Testcase: void f(int *a) { int i; for (i = 0;i<100;i++) a[i] = 0; } -----------cut------------- we get: _f: li r0,0 li r2,4 stw r0,0(r3) li r0,99 mtctr r0 L2: li r0,0 stwx r0,r2,r3 addi r2,r2,4 bdnz L2 blr the "li r0,0" should be moved out of the loop but is not.
I get: Set in insn 47 is invariant (0), cost 4, depends on Where insn 47 is the load constant: (insn 47 46 48 3 (set (reg:SI 156) (const_int 0 [0x0])) 328 {*movsi_internal1} (nil) (nil)) If I change the constant to DEADBEEF, it removes it from the loop. I should check if this is true on the 4.2 branch too because I think it is.
I guess the cost of loading zero is cheaper then?
> I guess the cost of loading zero is cheaper then? Cheaper than loading 0xDEADBEEF but not cheap enough not to pull out of the loop. All the "easy" (one instruction) constants are not pulled out. Really I think rtl loop invariant should pull everything it can pull out of the loop and then let the RA "fix" up the loop when it runs out of registers.
Subject: Re: [4.3 Regression] rtl loop invariant is broken > > I guess the cost of loading zero is cheaper then? > > Cheaper than loading 0xDEADBEEF but not cheap enough not to pull out of the > loop. All the "easy" (one instruction) constants are not pulled out. > > Really I think rtl loop invariant should pull everything it can pull out of the > loop and then let the RA "fix" up the loop when it runs out of registers. I would agree, if we had RA capable of that (which I am not quite sure whether we do or not, although this seems simple enough), or better, RA doing better job under high register pressure.
> I would agree, if we had RA capable of that (which I am not quite sure > whether we do or not, although this seems simple enough), or better, > RA doing better job under high register pressure. Then how do you explain why loop.c pulled this out of the loop but the new rtl loop invariant does not? I don't see why we should care about register pressure except inside the RA. Every other compiler does it that way, plus they work better than GCC.
Subject: Re: [4.3 Regression] rtl loop invariant is broken > > I would agree, if we had RA capable of that (which I am not quite sure > > whether we do or not, although this seems simple enough), or better, > > RA doing better job under high register pressure. > > Then how do you explain why loop.c pulled this out of the loop but the new rtl > loop invariant does not?
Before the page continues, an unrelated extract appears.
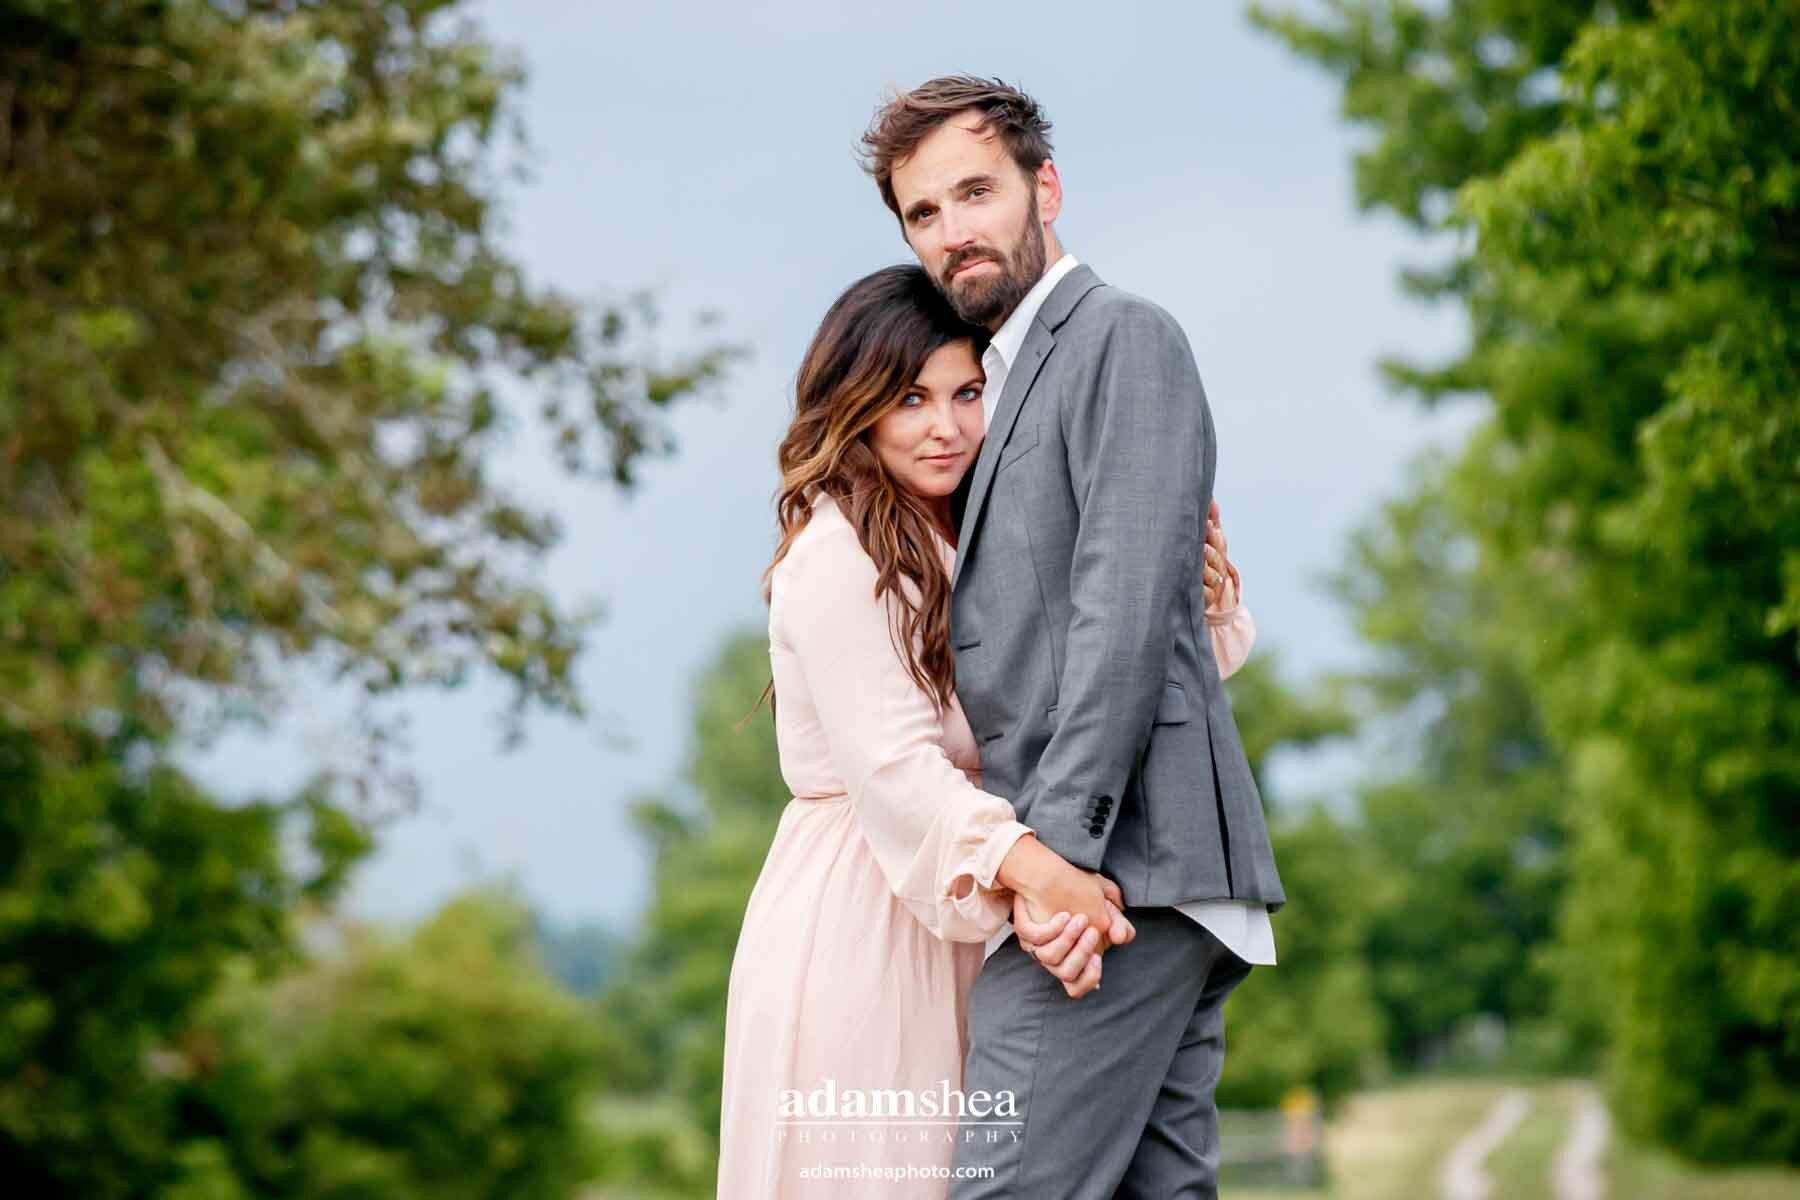 amy-adam-engagement-photos-larsen-wi-neenah-winding-trail-flowy-dress-grey-suit-adam-shea-photography-green-bay-appleton-neenah-photographer-17.jpg

I don't see why we should care about register > pressure except inside the RA. Every other compiler does it that way, plus > they work better than GCC. some citation (on both claims)? Of course, it is straightforward to remove the register pressure checks from the optimizers, so if you want, you can experiment with that.
Plus I just tested the 4.2 branch and it is broken there also, GRRRRRRRRRRRR. Sorry for finding this late in the release cycle but I guess nobody really looked at the code quality after loop.c was turned off and rtl loop invariant motion was turned on.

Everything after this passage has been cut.